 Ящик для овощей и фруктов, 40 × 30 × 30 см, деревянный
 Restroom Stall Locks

* * *

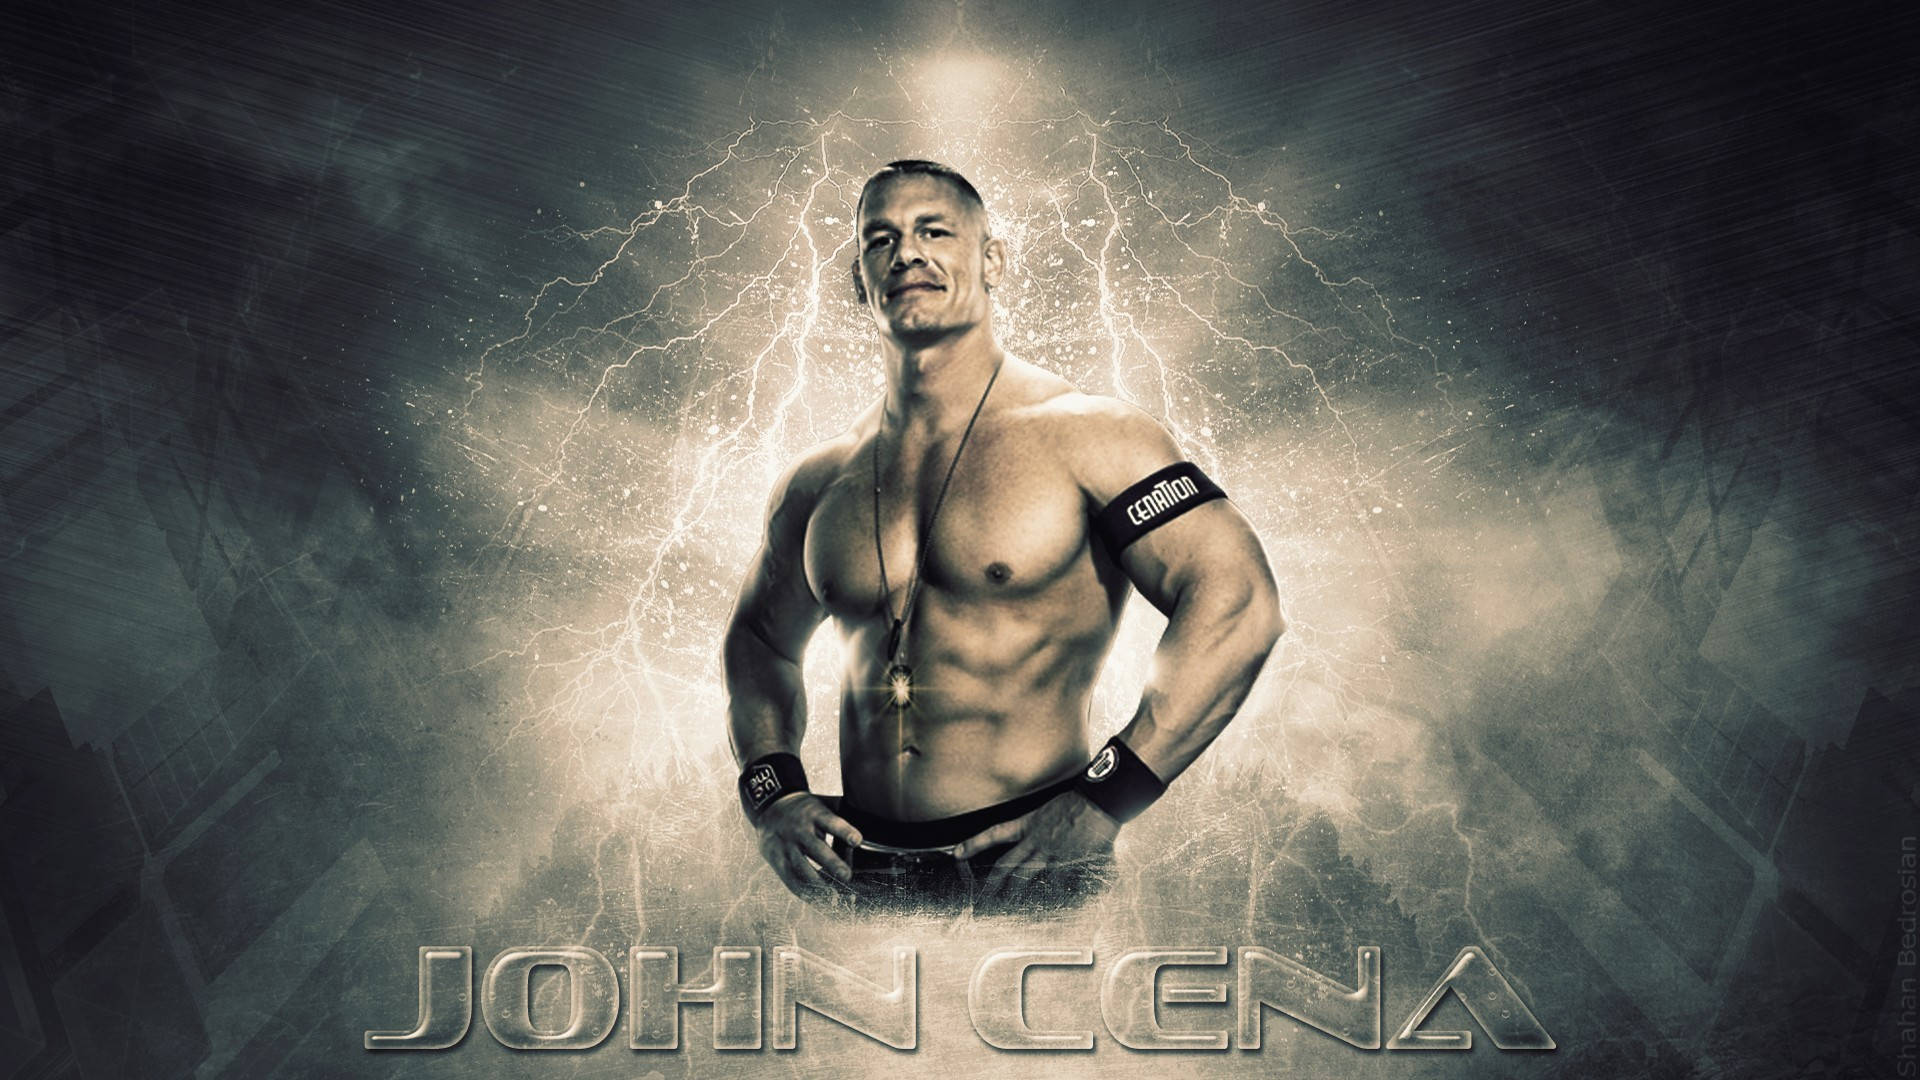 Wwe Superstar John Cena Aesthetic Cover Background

...

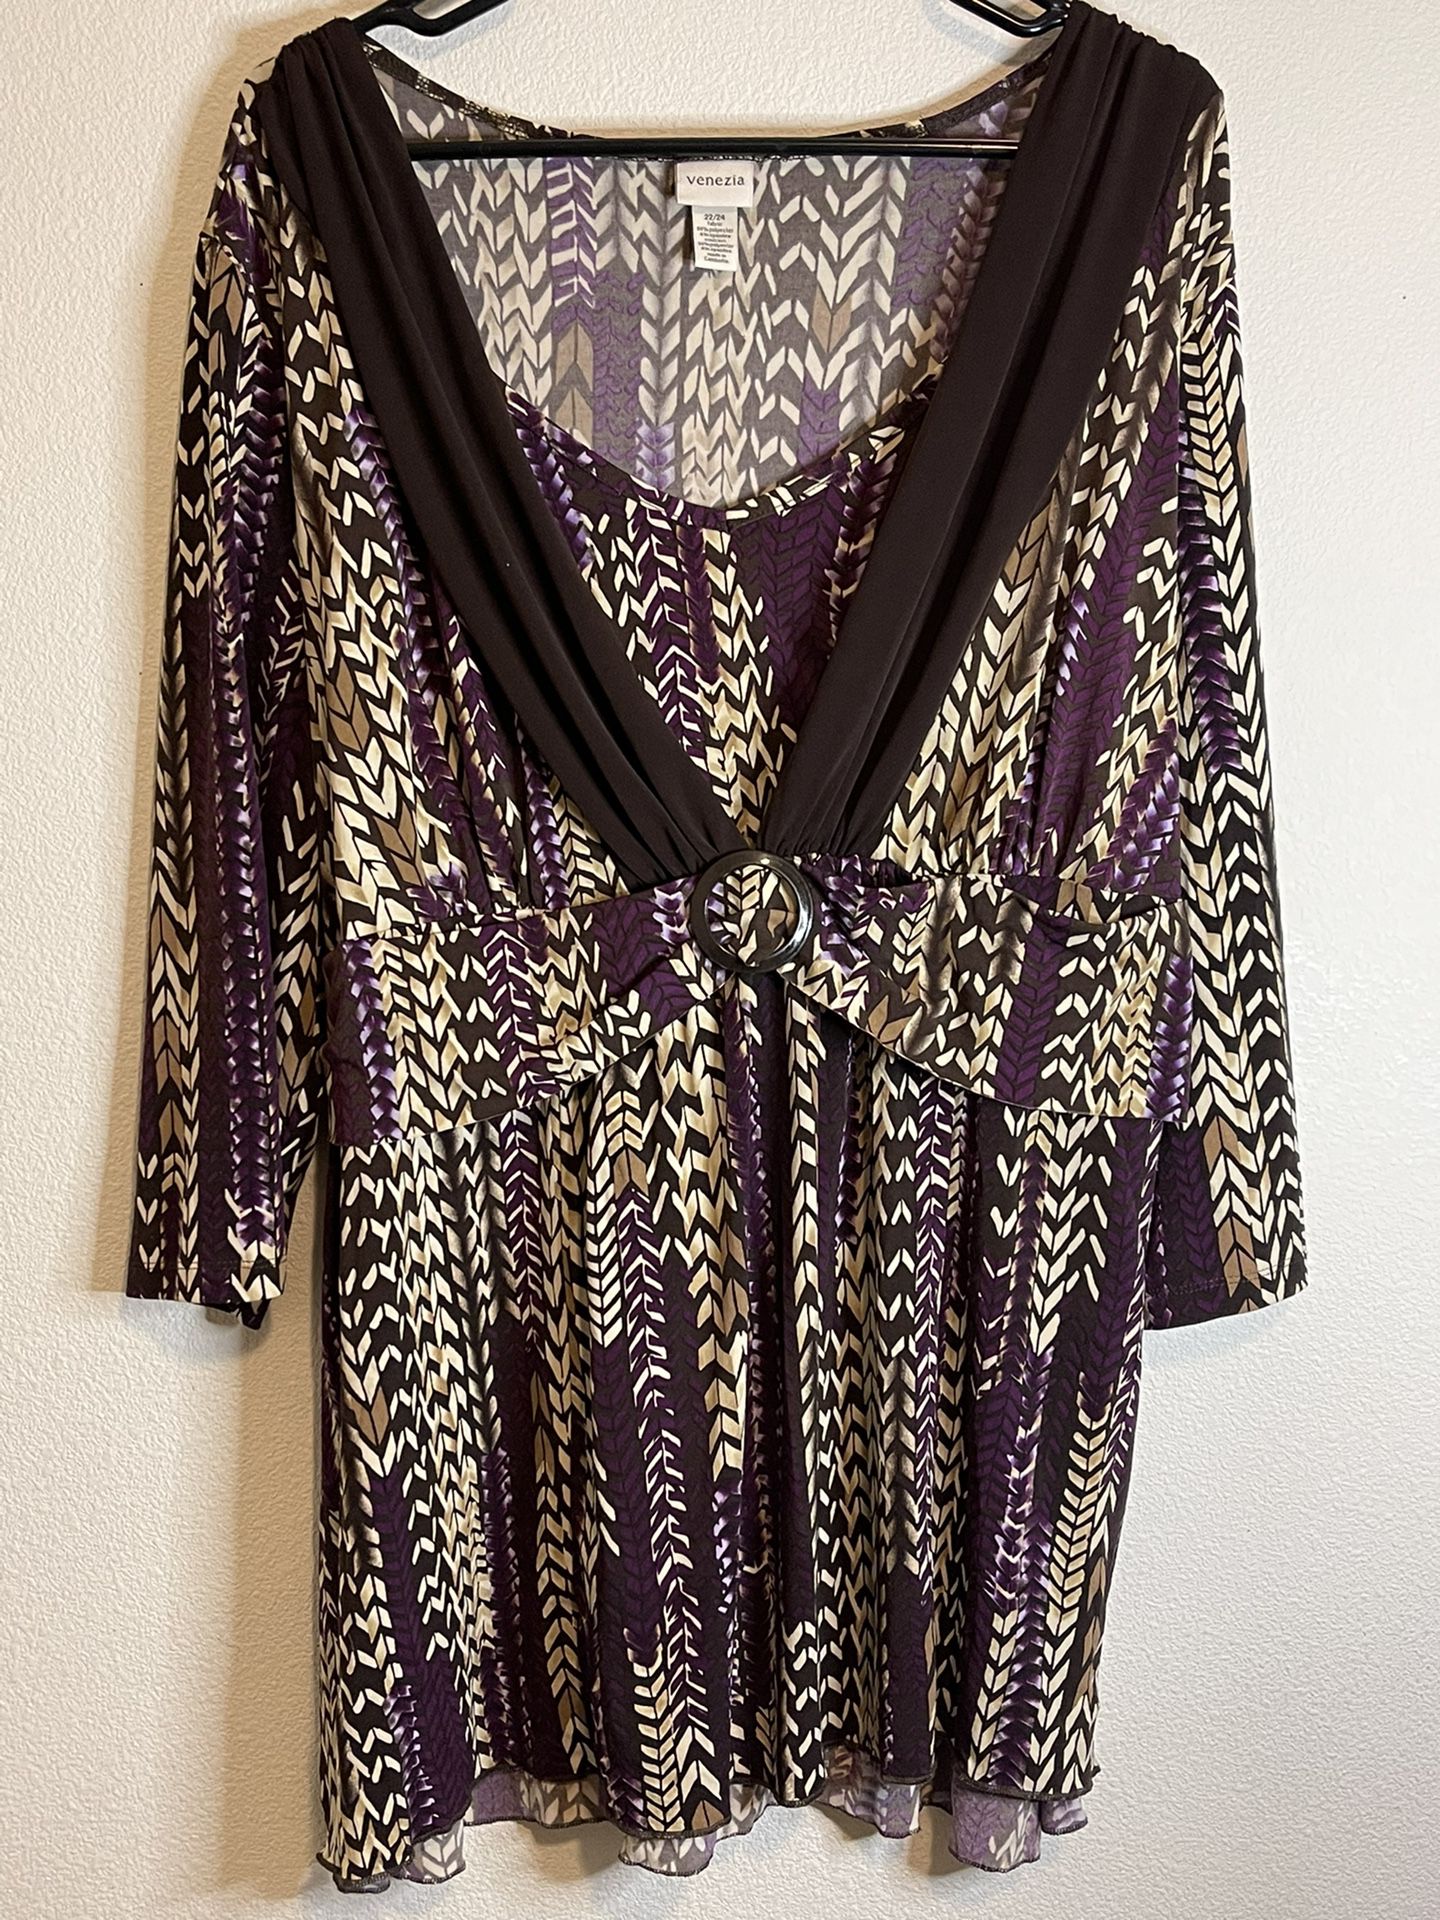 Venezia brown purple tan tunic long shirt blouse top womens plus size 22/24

-- Your task --
Retype word for word everything in the listing above from the line that holds "Ящик для овощей" down to the line that holds "Restroom Stall Locks". Keep both end lines and leave out the rest.

-- Problem solution --
 Ящик для овощей и фруктов, 40 × 30 × 30 см, деревянный
 Restroom Stall Locks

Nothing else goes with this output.